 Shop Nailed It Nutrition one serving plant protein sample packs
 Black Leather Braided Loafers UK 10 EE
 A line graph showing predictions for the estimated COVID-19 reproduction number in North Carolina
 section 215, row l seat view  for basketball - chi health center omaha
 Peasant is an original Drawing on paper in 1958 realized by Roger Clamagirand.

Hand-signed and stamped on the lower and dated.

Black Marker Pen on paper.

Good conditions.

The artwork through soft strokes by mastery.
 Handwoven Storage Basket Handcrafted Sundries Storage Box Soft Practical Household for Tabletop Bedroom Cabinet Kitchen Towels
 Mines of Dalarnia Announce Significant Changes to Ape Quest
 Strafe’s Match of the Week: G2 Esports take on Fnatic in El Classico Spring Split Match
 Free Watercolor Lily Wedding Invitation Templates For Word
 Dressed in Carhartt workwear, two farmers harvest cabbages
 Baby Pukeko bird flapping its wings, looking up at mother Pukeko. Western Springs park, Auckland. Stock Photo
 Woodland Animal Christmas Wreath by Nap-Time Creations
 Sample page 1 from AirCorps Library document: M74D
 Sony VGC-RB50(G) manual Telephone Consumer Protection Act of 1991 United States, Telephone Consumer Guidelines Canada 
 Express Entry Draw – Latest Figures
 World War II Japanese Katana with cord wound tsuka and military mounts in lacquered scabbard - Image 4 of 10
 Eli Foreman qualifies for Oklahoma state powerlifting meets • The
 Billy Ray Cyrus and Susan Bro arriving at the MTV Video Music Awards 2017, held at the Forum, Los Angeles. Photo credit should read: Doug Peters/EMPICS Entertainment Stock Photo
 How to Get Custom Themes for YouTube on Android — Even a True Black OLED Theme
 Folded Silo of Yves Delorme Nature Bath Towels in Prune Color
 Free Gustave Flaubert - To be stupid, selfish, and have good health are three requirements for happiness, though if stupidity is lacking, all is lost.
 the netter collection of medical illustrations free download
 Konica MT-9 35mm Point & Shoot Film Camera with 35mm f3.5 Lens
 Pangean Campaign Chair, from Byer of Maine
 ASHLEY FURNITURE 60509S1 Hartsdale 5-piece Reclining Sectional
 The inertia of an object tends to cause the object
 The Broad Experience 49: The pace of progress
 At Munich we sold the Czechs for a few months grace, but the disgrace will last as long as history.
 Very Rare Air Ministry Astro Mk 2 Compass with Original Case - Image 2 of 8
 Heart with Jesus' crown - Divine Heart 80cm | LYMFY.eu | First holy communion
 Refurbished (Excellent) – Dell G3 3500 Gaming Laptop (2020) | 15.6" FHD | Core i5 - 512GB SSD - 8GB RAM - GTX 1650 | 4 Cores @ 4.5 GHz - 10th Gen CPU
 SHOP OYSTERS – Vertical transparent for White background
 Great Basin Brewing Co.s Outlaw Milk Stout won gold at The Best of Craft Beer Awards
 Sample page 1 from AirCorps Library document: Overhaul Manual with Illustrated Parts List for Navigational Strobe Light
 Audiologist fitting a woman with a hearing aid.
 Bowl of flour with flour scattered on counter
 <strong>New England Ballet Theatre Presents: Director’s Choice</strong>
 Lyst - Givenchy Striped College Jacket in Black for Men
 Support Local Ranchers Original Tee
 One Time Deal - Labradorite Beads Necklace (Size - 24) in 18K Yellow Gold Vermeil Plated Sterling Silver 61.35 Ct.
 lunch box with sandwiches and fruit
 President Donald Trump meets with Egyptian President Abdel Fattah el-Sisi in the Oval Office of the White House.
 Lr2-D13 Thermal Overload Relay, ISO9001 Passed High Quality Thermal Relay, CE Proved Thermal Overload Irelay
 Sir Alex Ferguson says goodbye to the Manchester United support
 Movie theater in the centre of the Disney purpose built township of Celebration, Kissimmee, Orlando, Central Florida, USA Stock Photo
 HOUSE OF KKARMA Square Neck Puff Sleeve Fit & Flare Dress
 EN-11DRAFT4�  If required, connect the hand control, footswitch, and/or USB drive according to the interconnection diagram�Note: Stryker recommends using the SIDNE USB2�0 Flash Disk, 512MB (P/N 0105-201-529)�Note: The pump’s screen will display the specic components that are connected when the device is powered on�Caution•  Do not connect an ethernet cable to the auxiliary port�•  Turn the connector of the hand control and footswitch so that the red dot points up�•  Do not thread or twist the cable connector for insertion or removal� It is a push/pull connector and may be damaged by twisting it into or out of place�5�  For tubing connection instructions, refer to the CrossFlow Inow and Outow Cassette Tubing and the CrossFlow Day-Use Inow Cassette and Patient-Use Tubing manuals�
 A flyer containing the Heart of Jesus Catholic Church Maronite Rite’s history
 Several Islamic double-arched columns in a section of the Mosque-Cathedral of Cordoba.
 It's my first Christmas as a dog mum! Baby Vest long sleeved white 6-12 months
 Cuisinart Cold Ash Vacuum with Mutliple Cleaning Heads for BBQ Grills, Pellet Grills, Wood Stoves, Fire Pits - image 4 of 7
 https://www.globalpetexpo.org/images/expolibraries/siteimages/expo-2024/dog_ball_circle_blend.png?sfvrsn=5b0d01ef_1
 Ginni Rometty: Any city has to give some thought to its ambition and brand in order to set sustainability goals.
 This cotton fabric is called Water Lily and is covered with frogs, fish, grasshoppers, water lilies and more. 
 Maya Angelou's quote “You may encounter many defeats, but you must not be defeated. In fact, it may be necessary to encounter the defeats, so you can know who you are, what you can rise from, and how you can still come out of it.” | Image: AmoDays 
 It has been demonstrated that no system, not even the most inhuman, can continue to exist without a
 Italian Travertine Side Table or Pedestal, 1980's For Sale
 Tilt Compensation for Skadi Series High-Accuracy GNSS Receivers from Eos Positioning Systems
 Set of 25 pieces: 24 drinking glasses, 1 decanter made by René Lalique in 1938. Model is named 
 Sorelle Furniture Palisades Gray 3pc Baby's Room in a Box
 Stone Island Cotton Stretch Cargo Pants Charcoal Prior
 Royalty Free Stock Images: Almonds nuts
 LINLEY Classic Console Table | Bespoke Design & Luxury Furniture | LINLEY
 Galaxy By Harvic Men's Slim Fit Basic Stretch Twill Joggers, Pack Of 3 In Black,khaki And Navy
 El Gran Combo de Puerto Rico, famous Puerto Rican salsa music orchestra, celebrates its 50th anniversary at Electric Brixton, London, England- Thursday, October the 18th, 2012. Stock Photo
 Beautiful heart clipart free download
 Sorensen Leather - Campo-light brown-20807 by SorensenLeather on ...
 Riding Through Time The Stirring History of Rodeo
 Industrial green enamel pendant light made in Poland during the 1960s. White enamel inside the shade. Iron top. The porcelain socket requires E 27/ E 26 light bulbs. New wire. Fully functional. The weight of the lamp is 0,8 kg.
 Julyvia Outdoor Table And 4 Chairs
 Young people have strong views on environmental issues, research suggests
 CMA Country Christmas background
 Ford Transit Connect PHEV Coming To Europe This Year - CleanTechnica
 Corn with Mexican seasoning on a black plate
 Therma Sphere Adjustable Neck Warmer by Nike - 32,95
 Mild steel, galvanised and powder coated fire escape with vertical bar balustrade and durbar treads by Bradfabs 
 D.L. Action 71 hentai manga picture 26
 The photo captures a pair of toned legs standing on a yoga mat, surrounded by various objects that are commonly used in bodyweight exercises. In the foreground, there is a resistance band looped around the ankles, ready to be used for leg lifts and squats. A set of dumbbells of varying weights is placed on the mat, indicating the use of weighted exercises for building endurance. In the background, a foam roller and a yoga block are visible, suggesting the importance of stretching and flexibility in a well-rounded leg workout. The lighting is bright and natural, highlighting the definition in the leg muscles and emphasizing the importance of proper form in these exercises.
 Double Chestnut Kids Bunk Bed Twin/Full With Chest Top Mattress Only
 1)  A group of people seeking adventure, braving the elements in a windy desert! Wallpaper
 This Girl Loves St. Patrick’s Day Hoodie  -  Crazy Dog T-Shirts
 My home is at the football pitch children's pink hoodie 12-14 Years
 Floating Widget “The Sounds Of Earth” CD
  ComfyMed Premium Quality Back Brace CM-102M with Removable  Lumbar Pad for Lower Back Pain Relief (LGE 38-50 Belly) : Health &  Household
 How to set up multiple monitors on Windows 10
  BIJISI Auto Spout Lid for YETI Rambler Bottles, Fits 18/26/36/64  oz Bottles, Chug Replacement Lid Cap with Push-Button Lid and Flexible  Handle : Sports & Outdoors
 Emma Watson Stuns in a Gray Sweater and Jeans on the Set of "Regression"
====================
Lines after the one containing "Strafe’s Match of" are not wanted; repeat exactly each line above from the first up to and including it.

 Shop Nailed It Nutrition one serving plant protein sample packs
 Black Leather Braided Loafers UK 10 EE
 A line graph showing predictions for the estimated COVID-19 reproduction number in North Carolina
 section 215, row l seat view  for basketball - chi health center omaha
 Peasant is an original Drawing on paper in 1958 realized by Roger Clamagirand.

Hand-signed and stamped on the lower and dated.

Black Marker Pen on paper.

Good conditions.

The artwork through soft strokes by mastery.
 Handwoven Storage Basket Handcrafted Sundries Storage Box Soft Practical Household for Tabletop Bedroom Cabinet Kitchen Towels
 Mines of Dalarnia Announce Significant Changes to Ape Quest
 Strafe’s Match of the Week: G2 Esports take on Fnatic in El Classico Spring Split Match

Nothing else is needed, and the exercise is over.